A Star 13 Times More Massive Than The Sun Quietly Disappeared And Shone In Infrared Before The Collapse
The sequence began in 2014, when NASA’s NEOWISE mission space telescope recorded an unusual increase in the infrared brightness of a massive star in Andromeda. The emission steadily grew over about three years.
Infrared light, invisible to the human eye, can reveal hot dust and gas. After the increase period, the object exhibited a drastic drop in visible brightness, reducing its luminosity by approximately 10,000 times until 2023.
Over time, it practically disappeared, leaving behind a detectable layer of dust in infrared. At the time, the phenomenon was not recognized. The data remained archived in public records for years.
Subsequently, the study authors decided to systematically research archived infrared data in search of signs of direct collapse. They conducted the largest survey ever done on variable infrared sources in the Milky Way and nearby galaxies.
The investigation was guided by a prediction formulated in the 1970s. According to this hypothesis, a star that collapses directly into a black hole should briefly shine in infrared as it loses outer layers and becomes enveloped by dust, before disappearing.
Identification Of Star M31-2014-DS1 In Andromeda
The team identified the candidate as star M31-2014-DS1, located about 2.5 million light-years from Earth, in the Andromeda constellation. When it formed, it had about 13 times the mass of the Sun.

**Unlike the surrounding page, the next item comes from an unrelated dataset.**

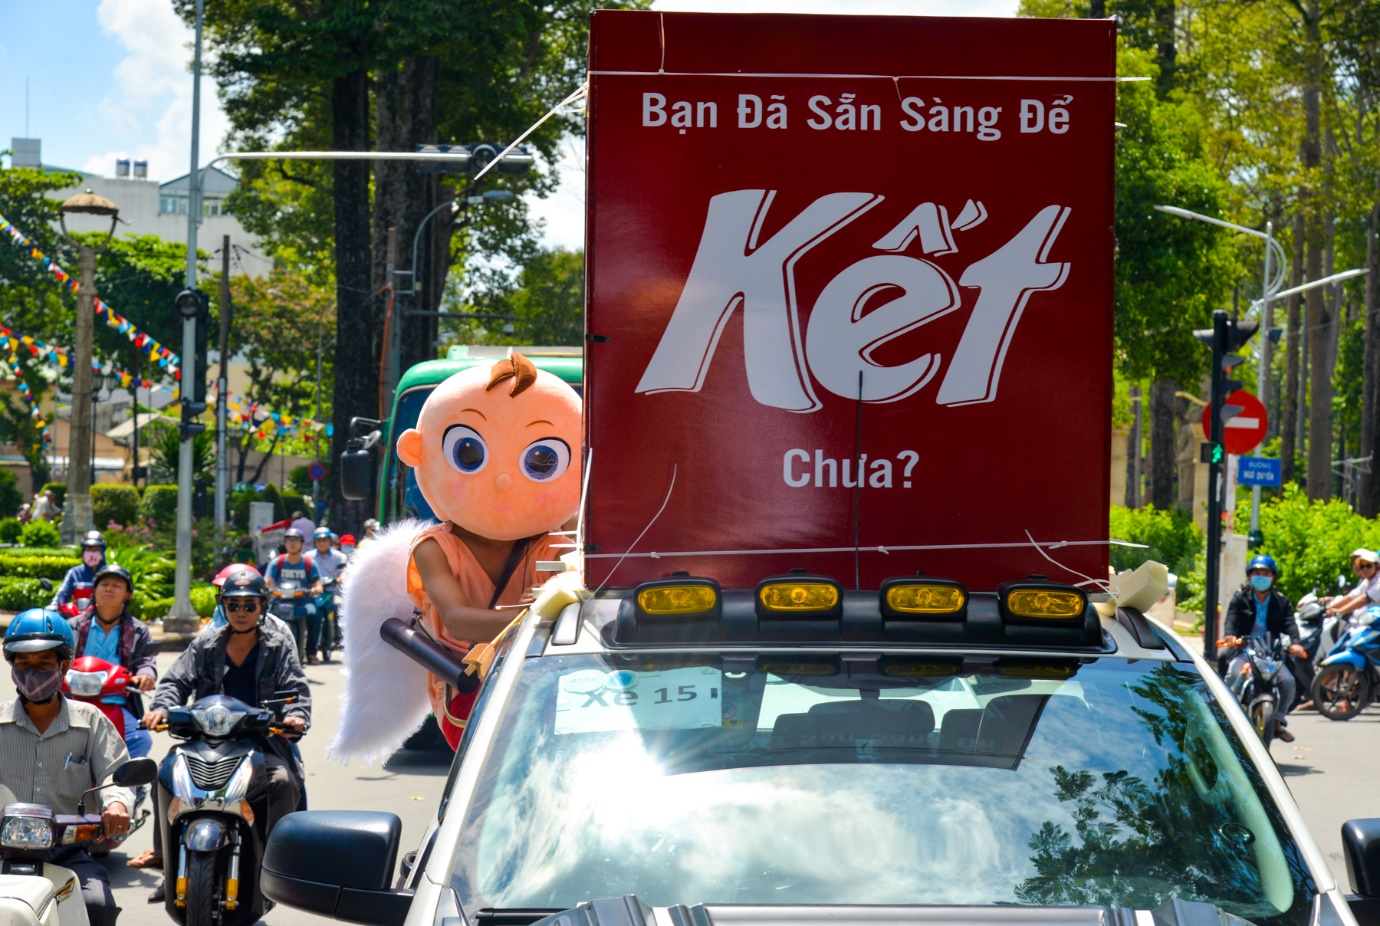 Người Sài Gòn thích thú với dàn thần tình yêu đi “xế siêu ngầu” vòng quanh thành phố - Ảnh 2.

Classified as a supergiant with low hydrogen content, the star lost much of its material over its lifetime through intense stellar winds. At the time of its death, it had approximately five times the mass of the Sun.

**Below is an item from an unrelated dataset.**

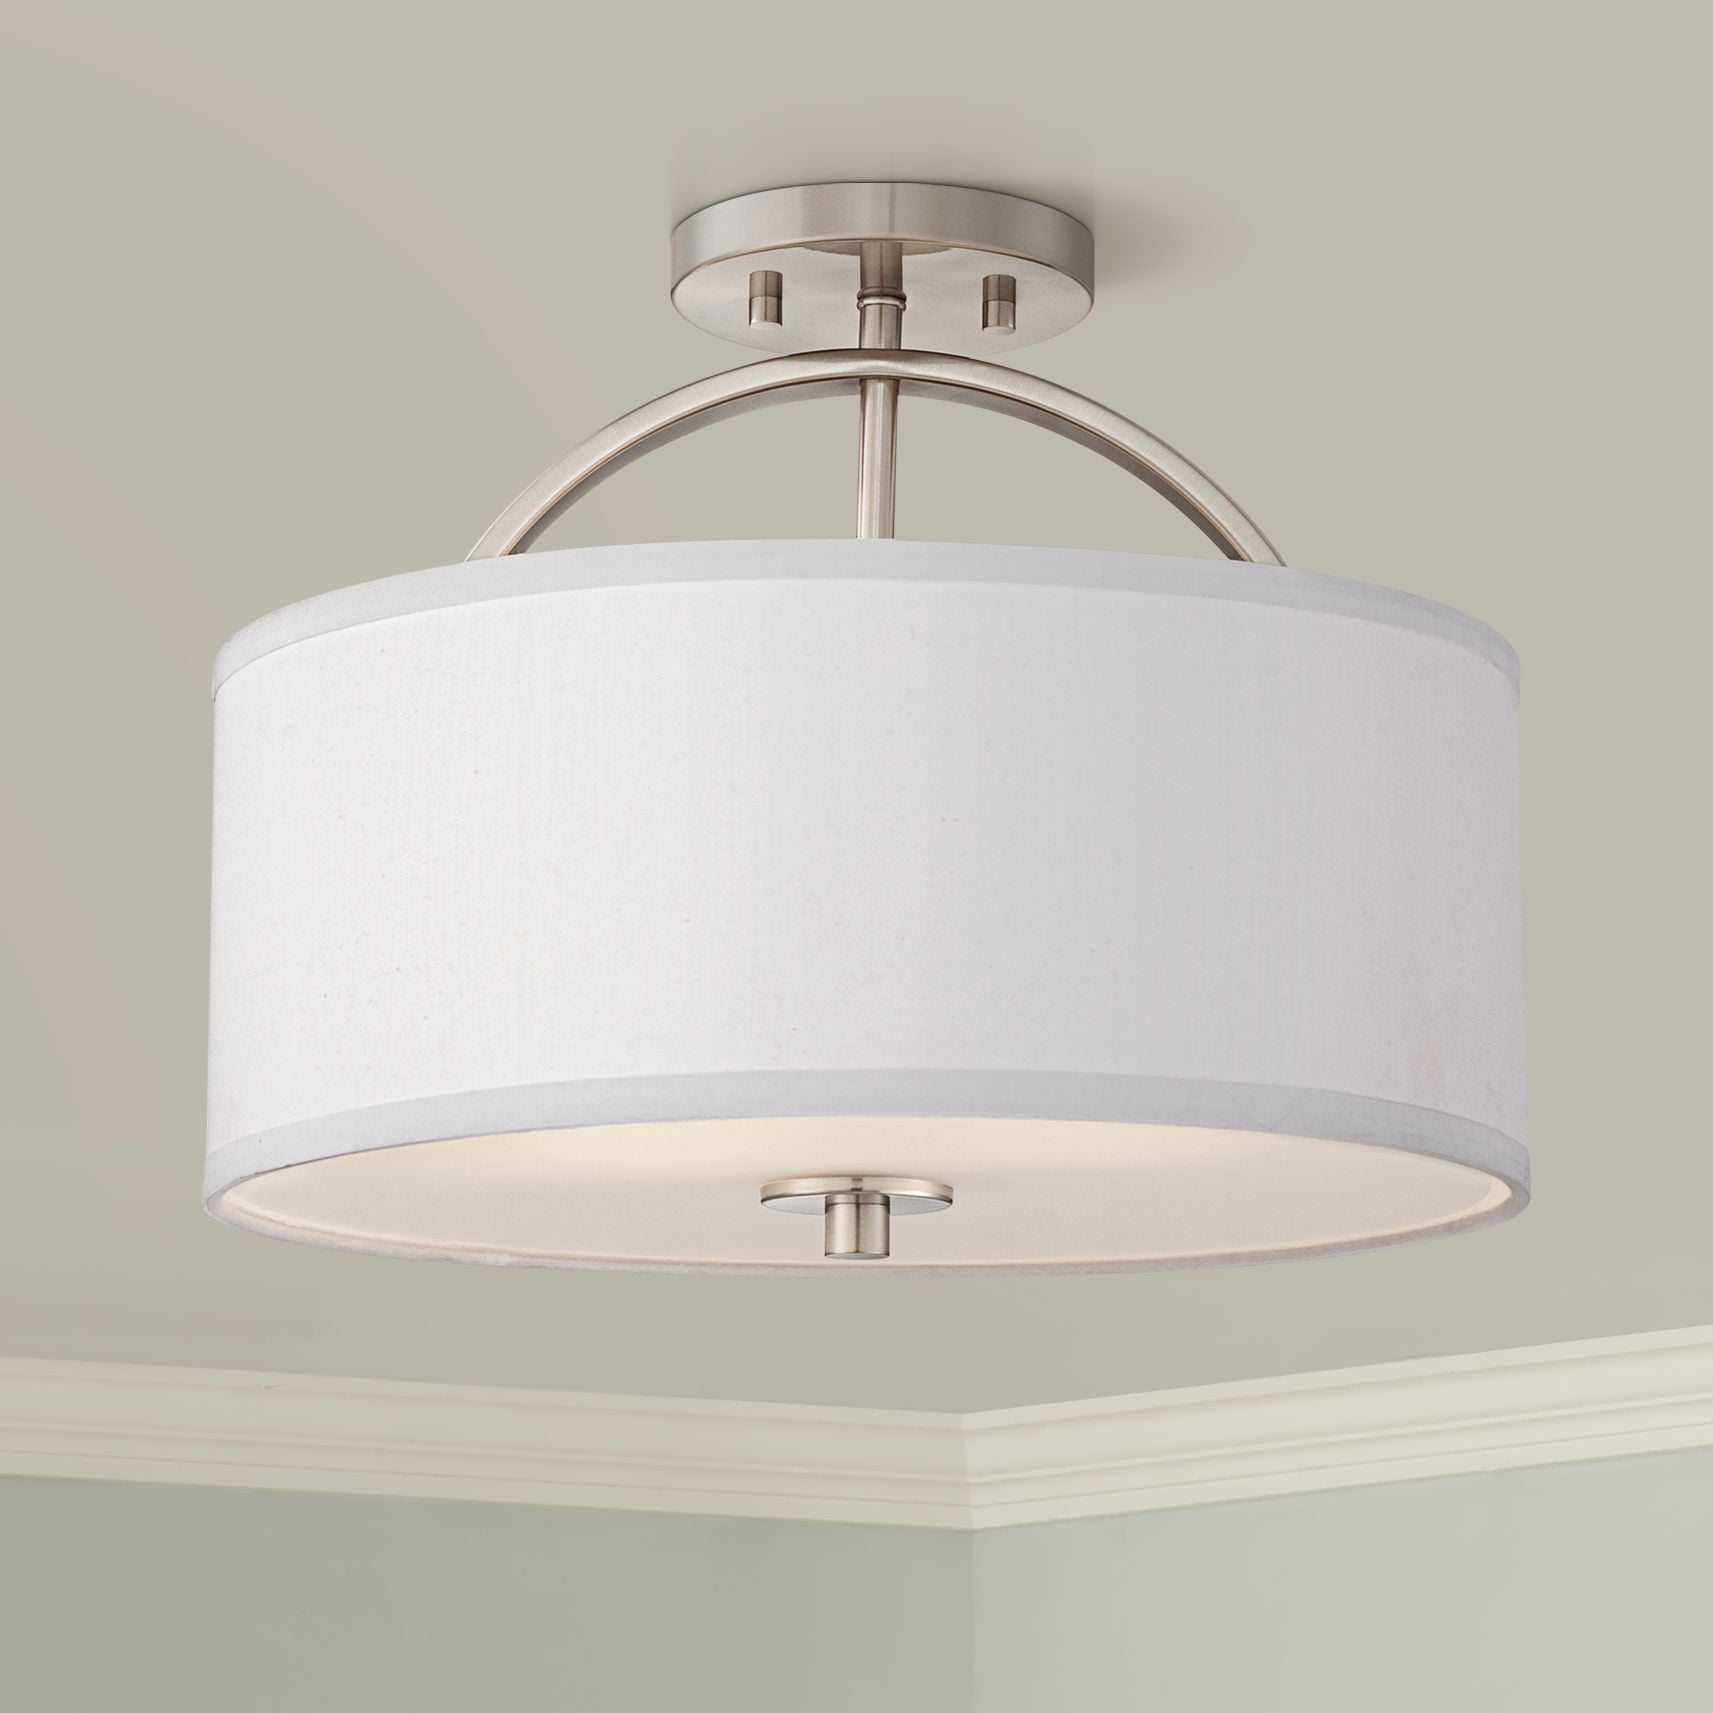 Modern Ceiling Light Fixtures For Bedroom ~ Possini Euro Design Modern ...

According to the researchers, the prolonged and steady decline does not correspond to the pattern observed in normal supernovae. Instead of ejecting outer layers in a bright explosion, the inner core appears to have collapsed completely.
The outer layers dispersed more gently, forming the dust visible in infrared. The remaining infrared brightness is attributed to the dust and gas heated by the material surrounding the newly formed black hole.
Kishalay De stated that the evidence of the disappearance was in public archives and had not been recognized for years. He described the identification as the most surprising discovery of his life.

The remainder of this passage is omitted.